REPUBLIKA.CO.ID, TEHERAN -- Organisasi hak asasi manusia (HAM) Hengaw melaporkan Iran menghukum mati dua aktivis LGBTQ atas tuduhan mempromosikan homoseksualitas. Hengaw merupakan organisasi yang mendokumentasikan pelanggaran HAM di Kurdistan.
“Pengadilan Revolusi Urmia menjatuhi hukuman mati pada Zahra Sediqi Hamedani yang dikenal sebagai 'Sareh,' 31 tahun dari Naqadeh, dan Elham Chubdar, 24 tahun dari Urmia, keduanya aktivis komunitas LGBT, dalam kasus tuduhan 'Mengkorupsi Bumi' dengan mempromosikan homoseksualitas,” kata Hengaw seperti dikutip The Jerusalem Post, Kamis (5/1/2023).
"Vonis sudah disampaikan kepada mereka beberapa hari yang lalu di penjara perempuan di Pusat Penjara Urmia," tambah lembaga itu. Urmia merupakan kota di Provinsi Azerbaijan Barat, Iran.
Akun Twitter berita 1500tasvir juga melaporkan vonis hukuman mati itu. “Aktivis hak-hak homoseksual #Zahra_Seddighi (31) dan #Elham Choobdar (24) telah dijatuhi hukuman mati.”
Dalam laporannya Hengaw mencatat Zahra Sediqi Hamadani dicabut haknya untuk mendapatkan pengacara selama penahanan. Petugas keamanan mengancamnya dengan eksekusi dan mencabut hak asuh kedua anaknya. Ia juga mengalami pelecehan verbal karena identitas dan penampilannya.

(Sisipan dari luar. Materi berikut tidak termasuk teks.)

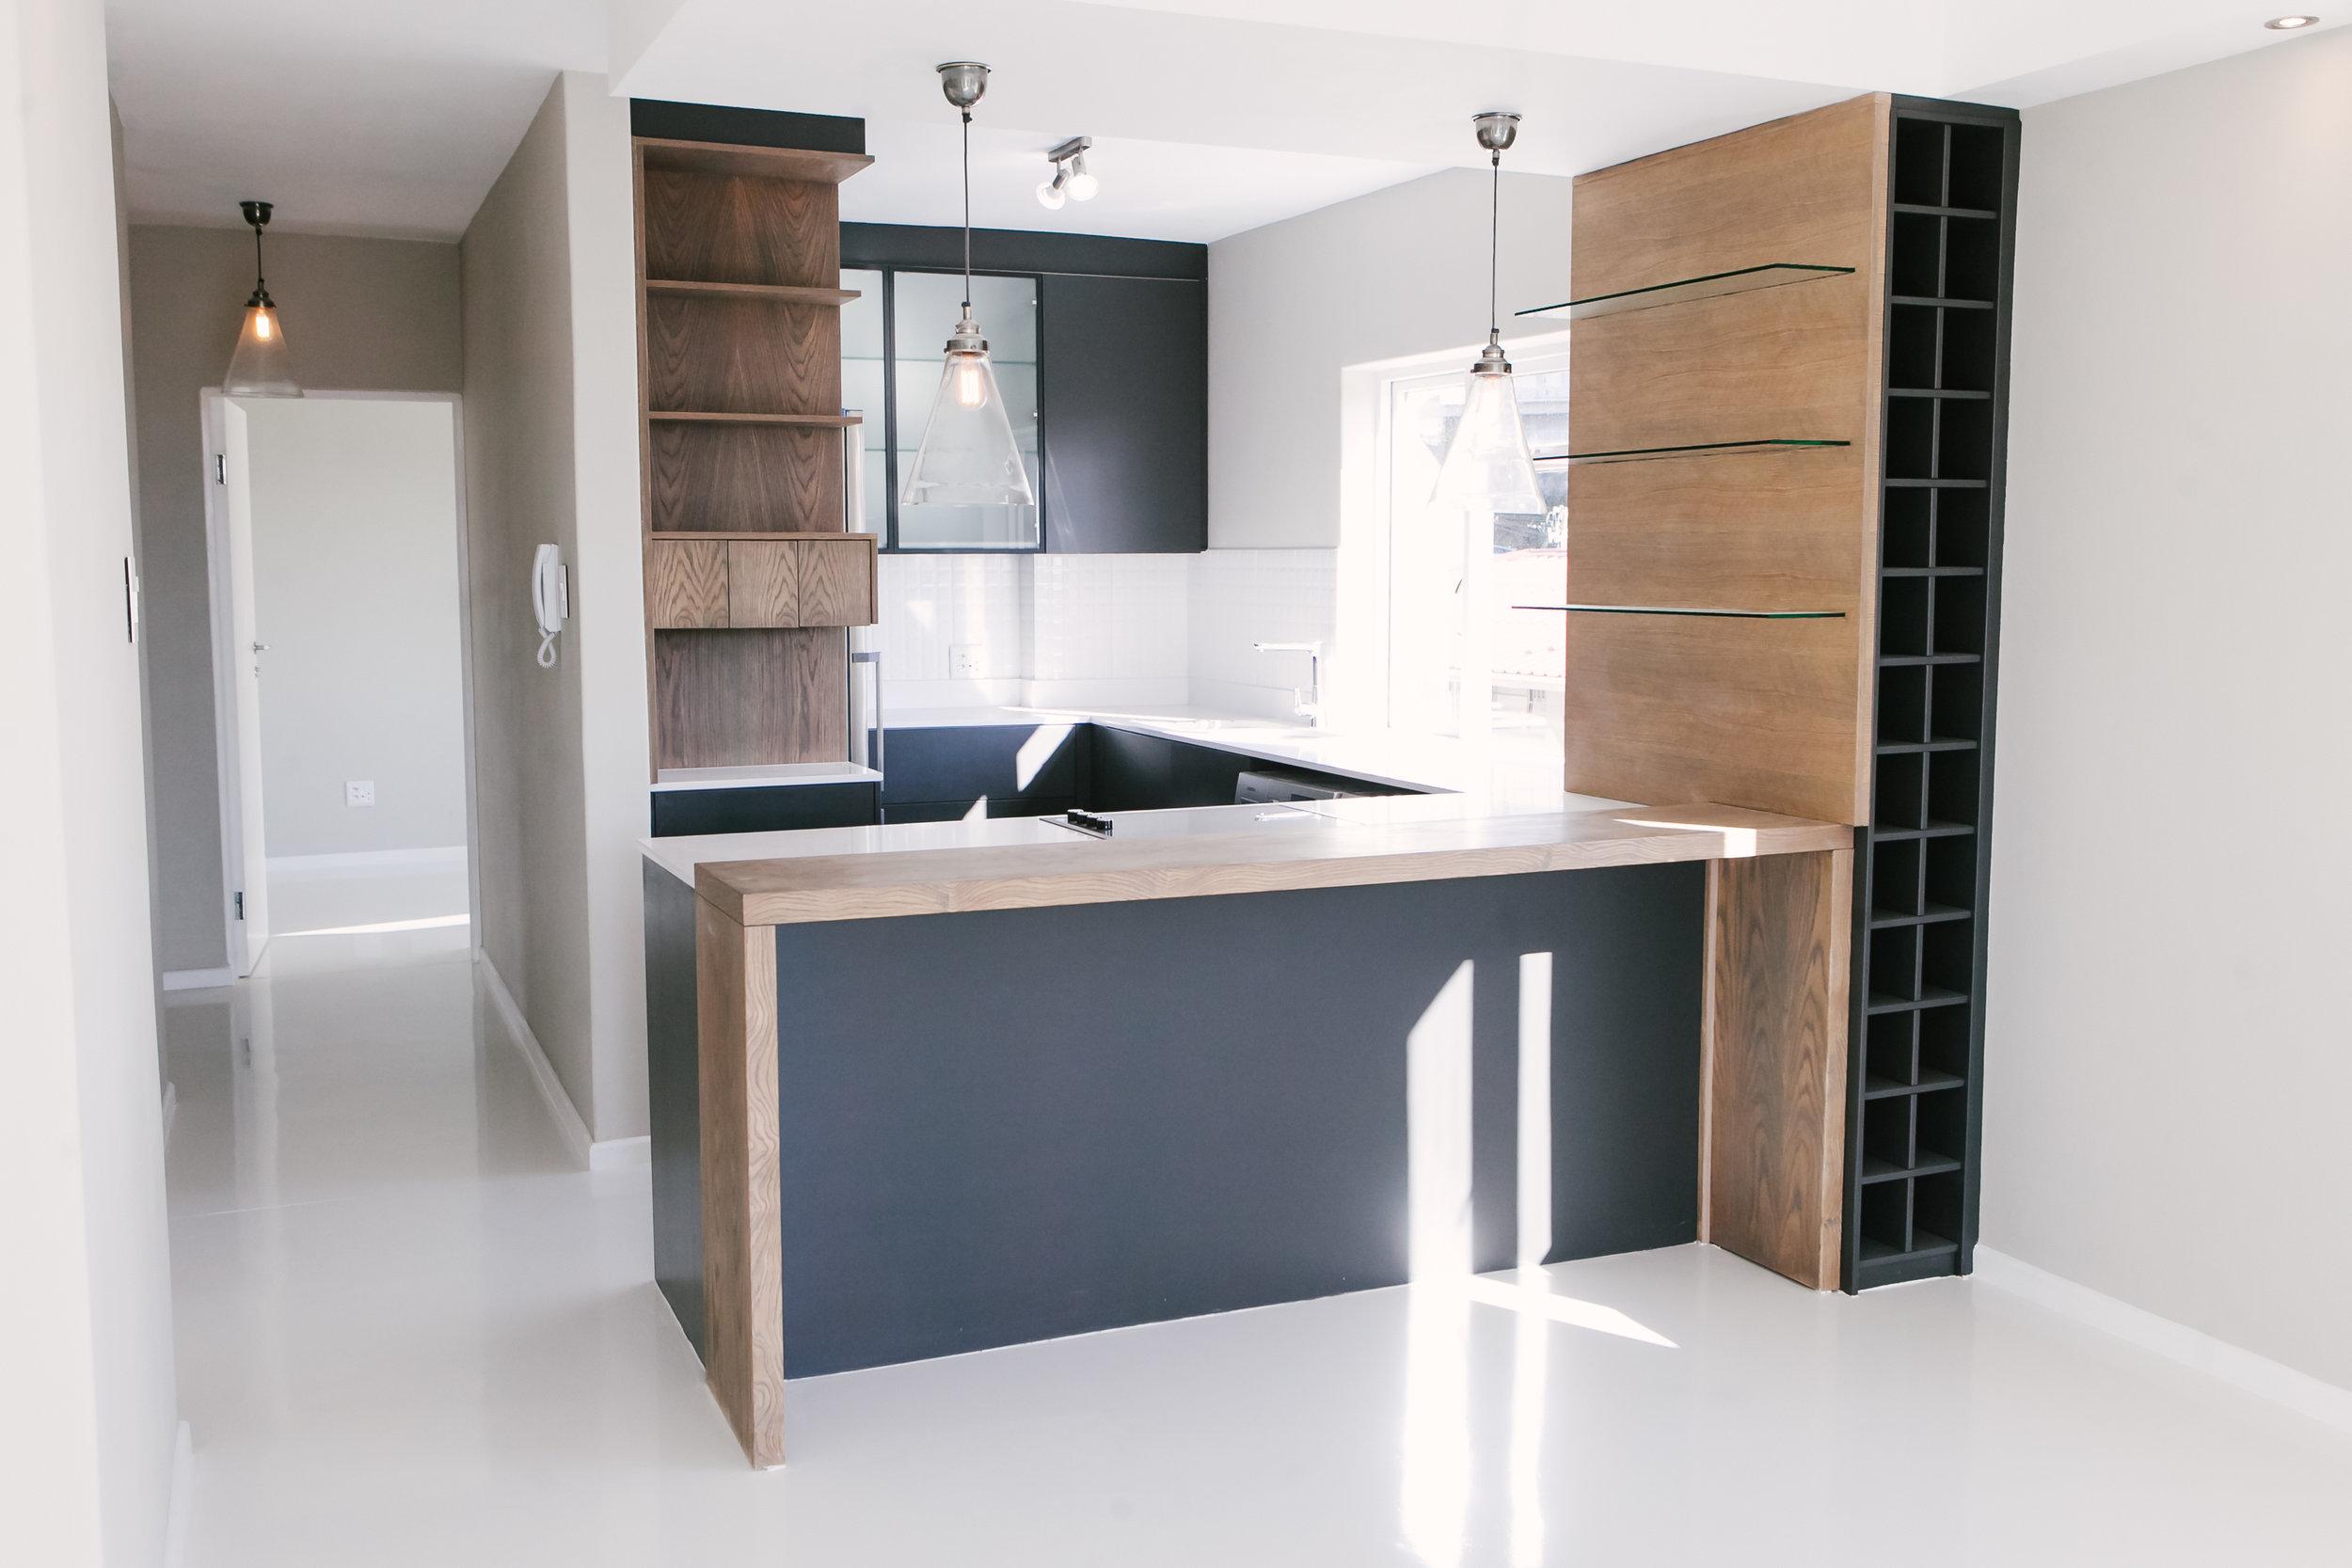 Greenpoint apartment kitchen 1.jpg

Hengaw menambahkan selain dituduh "mempromosikan homoseksualitas" dua perempuan itu divonis "mempromosikan Kristen" dan "berkomunikasi dengan media yang menentang Iran."
Pada Desember lalu The Jerusalem Post melaporkan penangkapan aktivis HAM Zahra. Aktivis LGBTQ dan HAM dari Inggris Peter Tatchell mengatakan Zahra Sediqi Hamedani dan Elham Chubdar sama-sama dituduh sebagai aktivis LGBTQ dan divonis mati atas dakwaan 'Mengkorupsi Bum'.
"Dakwaan mengerikan yang dapat menangkap semua orang ini kerap digunakan Pada kritikus rezim dan mereka yang mengungkapkan pendapatnya yang tidak sesuai dengan Islam ortodoks, eksekusi hasil yang sudah biasa," katanya pada The Jerusalem Post.
"Selama 10 bulan ditahan Zahra dilaporkan tidak memiliki akses ke pengacara. Iran terkenal pada pengadilan yang tidak adil dan ini sangat mungkin terjadi pada kedua wanita ini," tambahnya.
"Mereka mungkin digantung dengan menggunakan metode barbar yang lama, dengan pencekikan perlahan; metode favorit rezim Iran untuk memaksimalkan penderitaan para korban."
Kasus-kasus ini menunjukkan kediktatoran rezim Iran terhadap aktivis HAM. Pakar Iran dan peneliti di The Institute for the Study of Global Antisemitism and Policy, Prof. Jessica Emami mengatakan Iran memperlakukan kelompok LGBTQ dengan kekejian dan barbar.
"Masyarakat LGBTQ Iran berusaha keras menghindari hukuman penjara dan mati dengan melarikan diri dari Iran. Sara berusaha melakukannya saat ia dijerat milisi IRGC (Garda Revolusi Iran), sekarang rezim menyebarkan rumor palsu di media dan mengkambing hitamkan Sara. Saya memohon pada organisasi HAM untuk menghubungi rezim meminta Sara segera dibebaskan," katanya.
Sheina Vojoudi melarikan diri dari Iran karena kekejian dan kebiadaban rezim. Pada bulan Desember yang lalu ia mengatakan berita tentang hukuman mati para aktivis HAM dan LGBTQ tidak lagi mengejutkan. Ia mengatakan rezim mencampuri sebagian besar kehidupan pribadi warga Iran.
"Rezim Iran ingin memperbudak kami, menjadikan kami pasukan budak yang siap mati demi ideologi rezim. Rezim ingin memutuskan pilihan seluruh bangsa, ingin memutuskan sampai hasrat seksual rakyat, hubungan suami dan istri dan jumlah anak mereka, kepercayaan kami, cara kami berpikir.
"Rezim memutuskan negara mana yang harus kami benci dan negara mana yang harus kamu cintai dan bila keputusan yang kami ambil sendiri bertentangan dengan kehendak rezim Mullah, kami akan dianggap sebagai bahaya terhadap keamanan nasional."